The Handbook opens by outlining the history of the causal concept from the ancient Greeks to the advent of quantum mechanics. It was this section in particular that I wanted to read, as I had yet to discover an overview of how the concept of causation developed through and over time. Despite its title, Sarah Broadie’s chapter on the ancient Greeks disappointingly focuses on Aristotle almost to the neglect of anyone else. By contrast, subsequent chapters on the Medievals, the Early Moderns and the Logical Empiricists feature a variety of characters while sifting through the relevant material. Chapters devoted to Hume and Kant complete the opening section.

The second and third sections analyse approaches to causation, both standard and alternative. Standard approaches include regularity theories, counterfactual theories, and agency and interventionist theories; alternative approaches take in causal powers ontology, anti-reductionist stances and causal modelling. These two sections contain a total of ten papers on different approaches to causation, which testifies to the ambiguity of the term and the phenomena (assuming, of course, that causation is truly a phenomenon) it encapsulates. Indeed, at least two of the scholars contributing to these sections – Stathis Psillos (p. 154) and Peter Godfrey-Smith (Chapter 16) – suggest causal plurality as a way forward. Generally, each of these chapters is concerned with mundane causation, of the way in which causes function at the level of the world itself.

Sections four and five deal with the metaphysics and epistemology of causation, focussing on the nature and objects of causal relations and their application to reality, and on how our beliefs about causation are formed and justified. The sixth section addresses the use of causation in philosophical enterprises, as theories about mental causation, free will, ethics, perception and so on are examined. Each of these three sections contains much of worth for those exploring more explicitly theological issues, but I suspect that some of the chapters will admit their relevance more freely than others. (There is a final, seventh section, which I mentioned earlier.)
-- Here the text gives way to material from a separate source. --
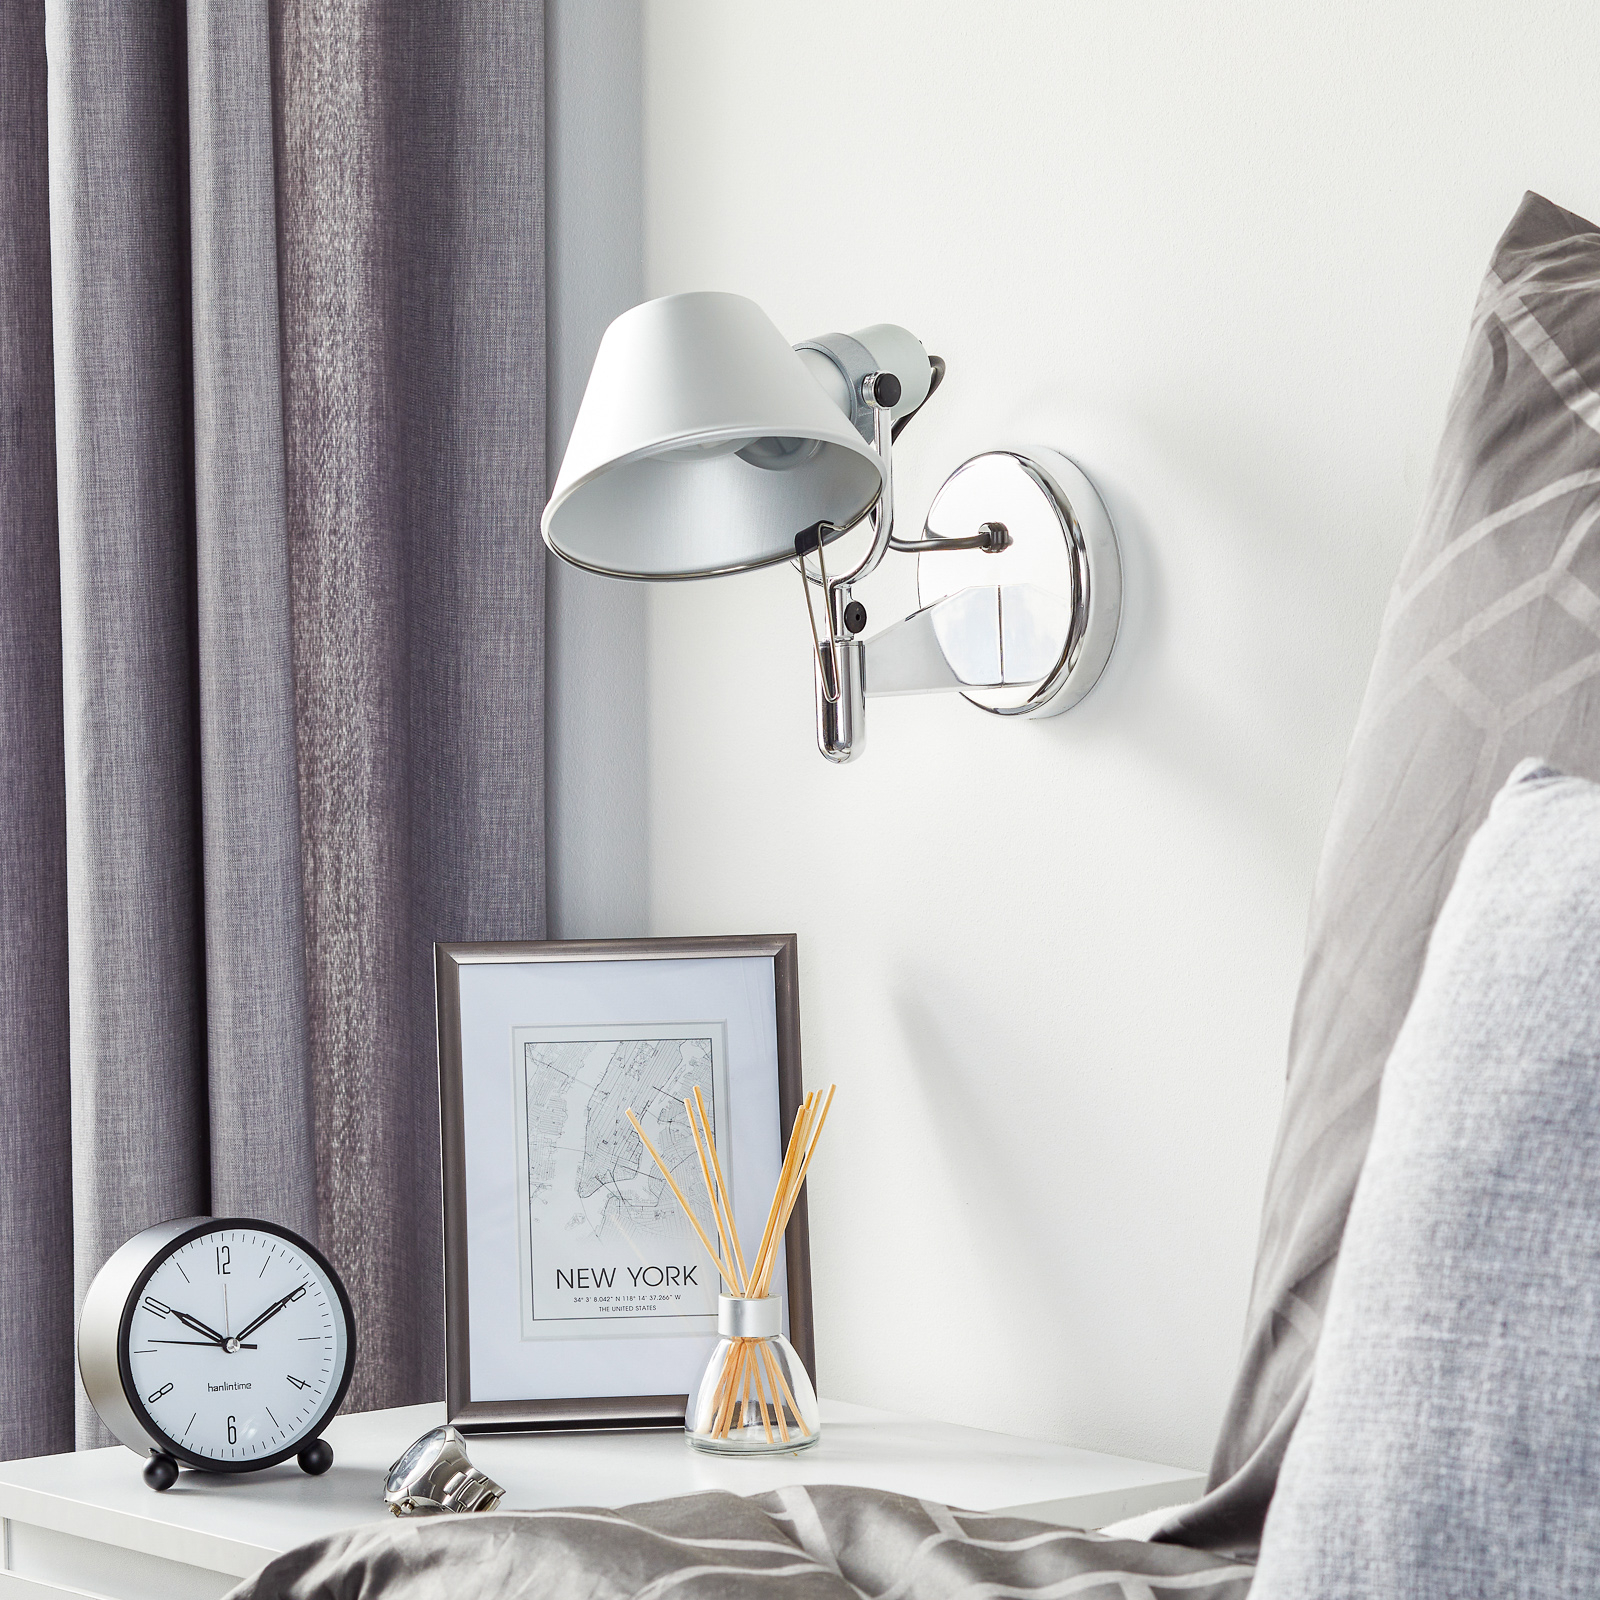 Artemide Tolomeo Faretto without switch, 2,700 K

On the whole, The Oxford Handbook of Causation is a fine read, although, as might be expected, the quality of the papers varies from one to the other. Most pleasing to me, the Handbook suggests that the concept of causation is not something that can be employed without careful consideration of the precise formulation to be used. In my opinion, those interested in studying mundane causation will most benefit from this volume; but anyone researching the doctrine of providence or divine action should at the very least browse its pages for insight and inspiration.